Nitrogen source and concentration affect utilization of glucose by mixed ruminal microbes in vitro

Abstract

The availability of rumen-degradable protein (RDP) changes the use of carbohydrates by ruminal microbes. However, the effects of RDP on the simultaneous use of carbohydrate and formation of microbial products are not well described, although such information is needed to understand the potential effect on nutrient supplies for ruminants.

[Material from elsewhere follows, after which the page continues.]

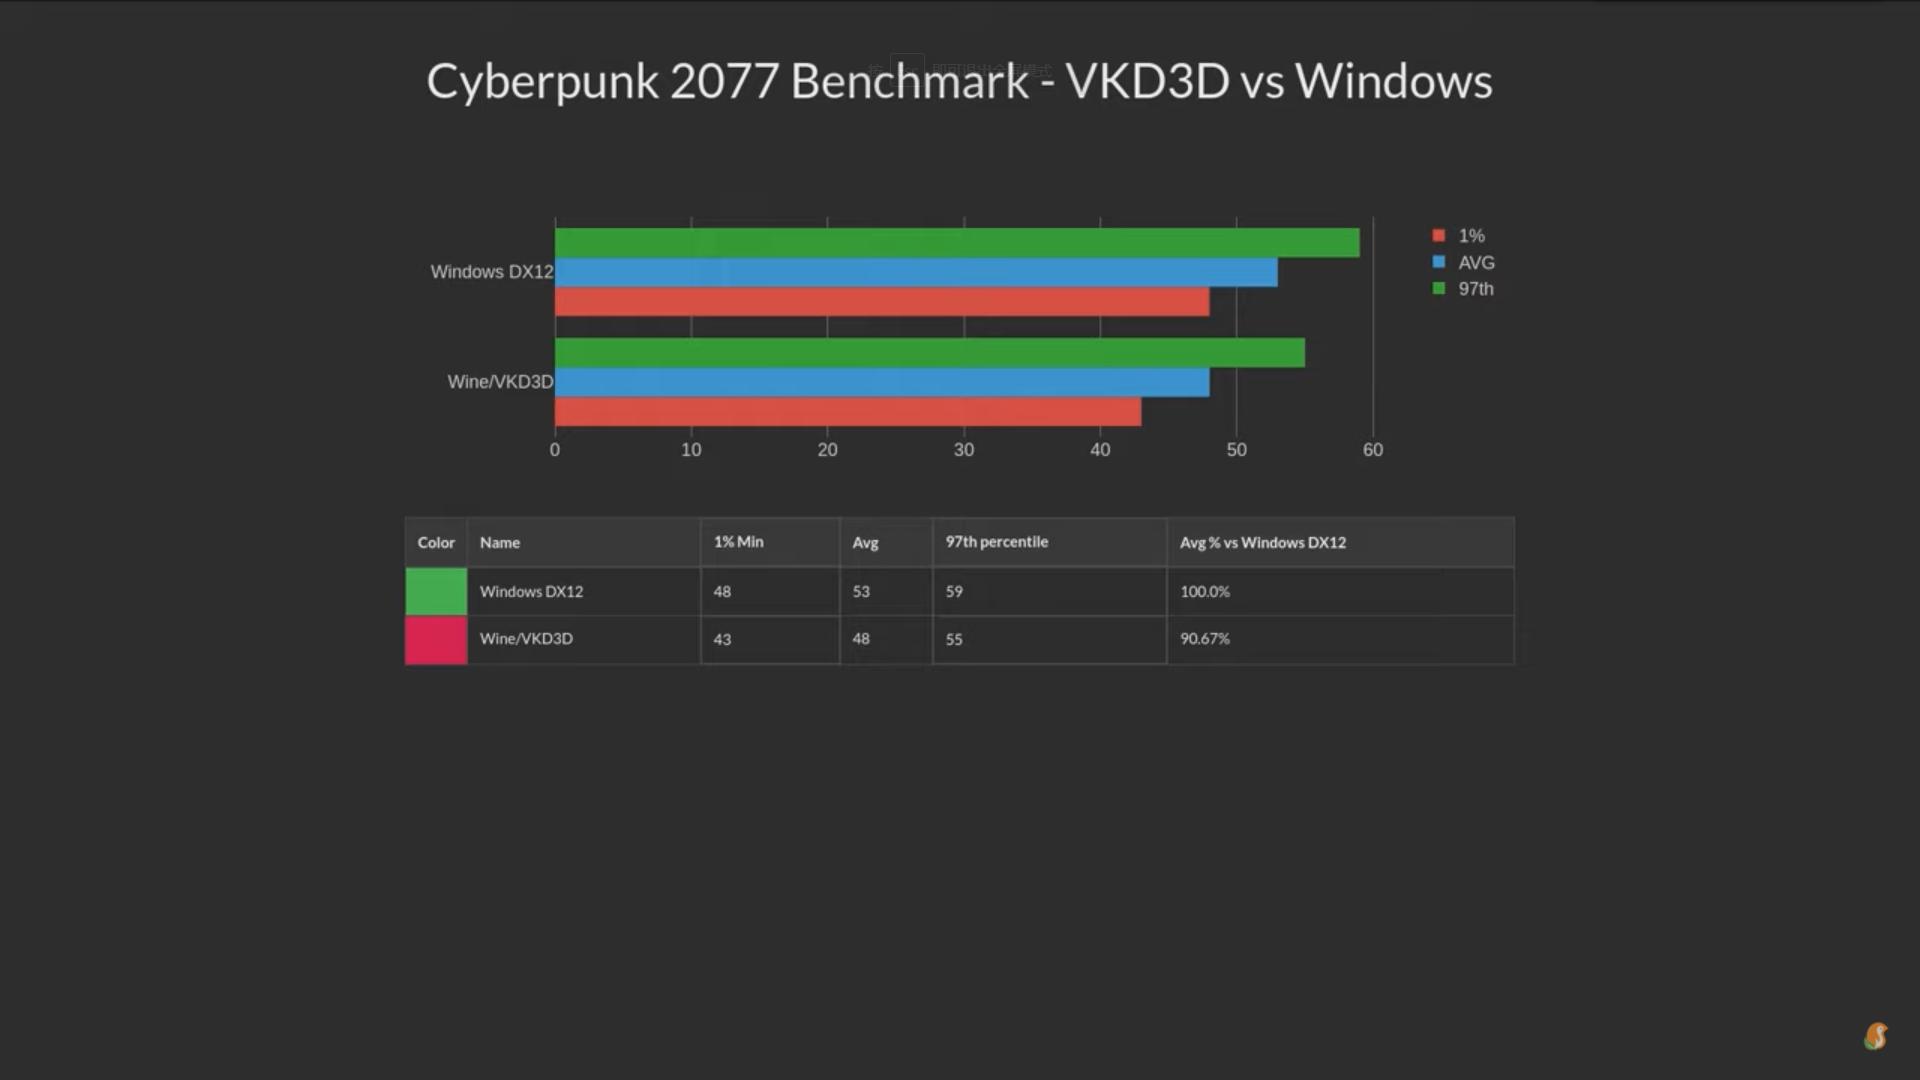 Cyberpunk 2077 在 VKD3D 和 DX12 下的表现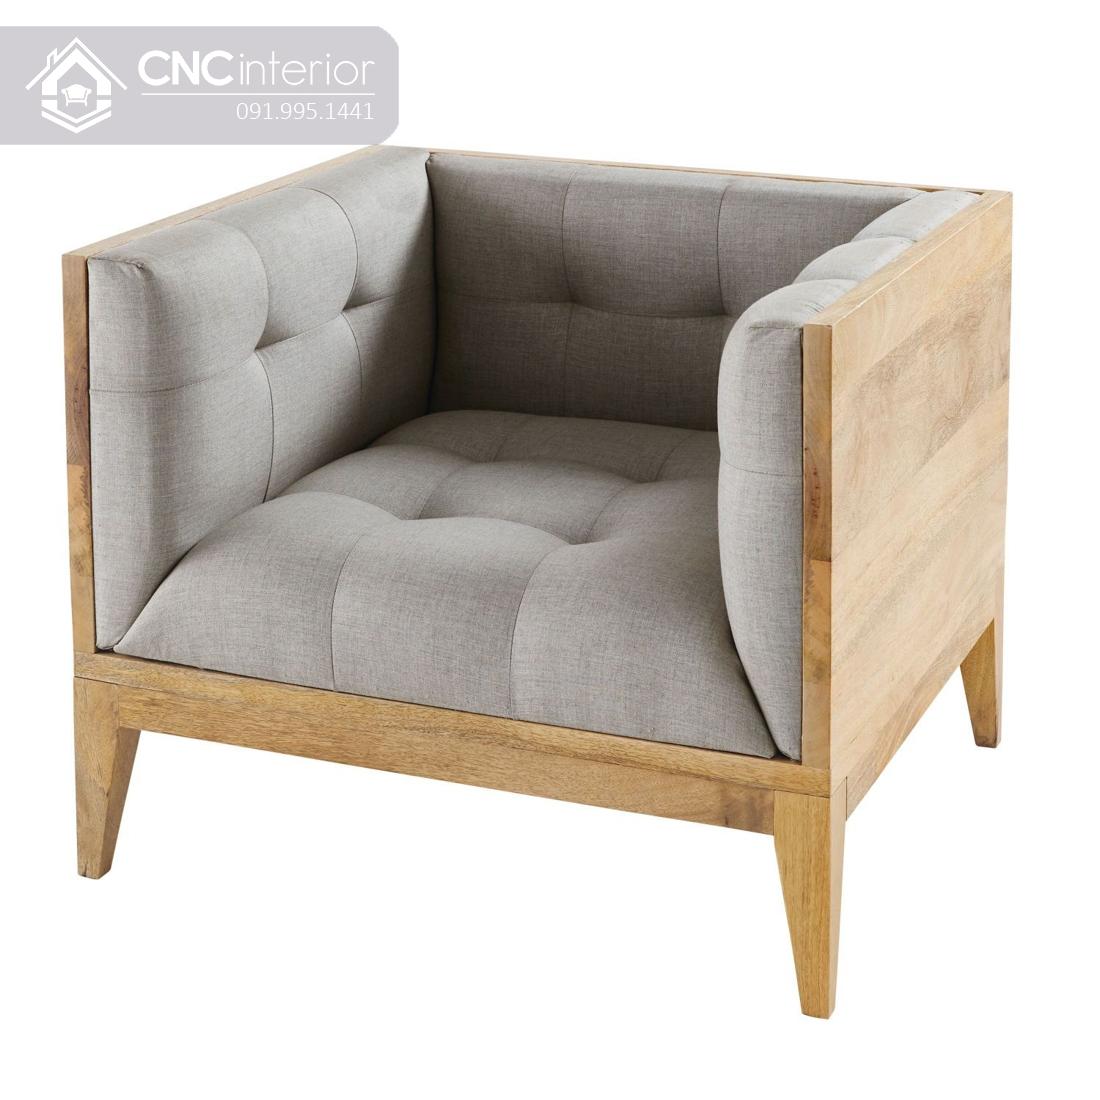 mẫu ghế sofa đơn giản hiện đại 6

The objective of this in vitro study was to compare the effects of different levels of RDP (0.15, 0.31, 0.46 g of N/L) from tryptone (Tryp) or urea (Ur) on product formation from glucose in fermentations with mixed ruminal microbes. The study had a randomized complete block design with 2 replicated fermentation runs and destructive sampling at 0, 0.5, 1, 2, 3, 4, and 5 h. All rates given are first-order rate constants. Glucose disappearance rates and organic acid carbon (C) production rates tended to be or were greater for Tryp (0.64 and 0.58 h-1) than for Ur (0.51 and 0.22 h-1), respectively, but did not differ by N level. Maximum detected microbial N production was 67% greater for Tryp (2.35 mg) than for Ur (1.41 mg), which did not differ from the basal medium (1.47 mg). The pattern of glycogen accumulation over time tended to differ between Tryp and Ur: glycogen peaked and declined earlier in the fermentations with Tryp, resulting in less glycogen remaining at 5 h with Tryp (7.2 mg) than with Ur (11.0 mg). At the point of maximum microbial N accumulation, Tryp and Ur did not differ in the amount of glucose C used (29.4 and 28.9 mg), but did differ in the amounts of cell C (10.1 and 6.0 mg), organic acid C (17.4 and 13.8 mg), glycogen C (3.81 and 6.07 mg), and total microbial product C (35.4 and 29.6 mg) present. This resulted in increased efficiency for Tryp compared with Ur for cell C produced per used glucose C, corrected for glycogen C (0.40 and 0.27 mg/mg), and it resulted in a tendency for increased yield of cell C per organic acid C (0.59 and 0.44 mg/mg). Total product C exceeded used glucose C for Tryp, likely because of incorporation or fermentation of C from the provided AA. Overall, RDP source altered the temporal patterns of glucose use and the patterns and amounts of microbial product formation.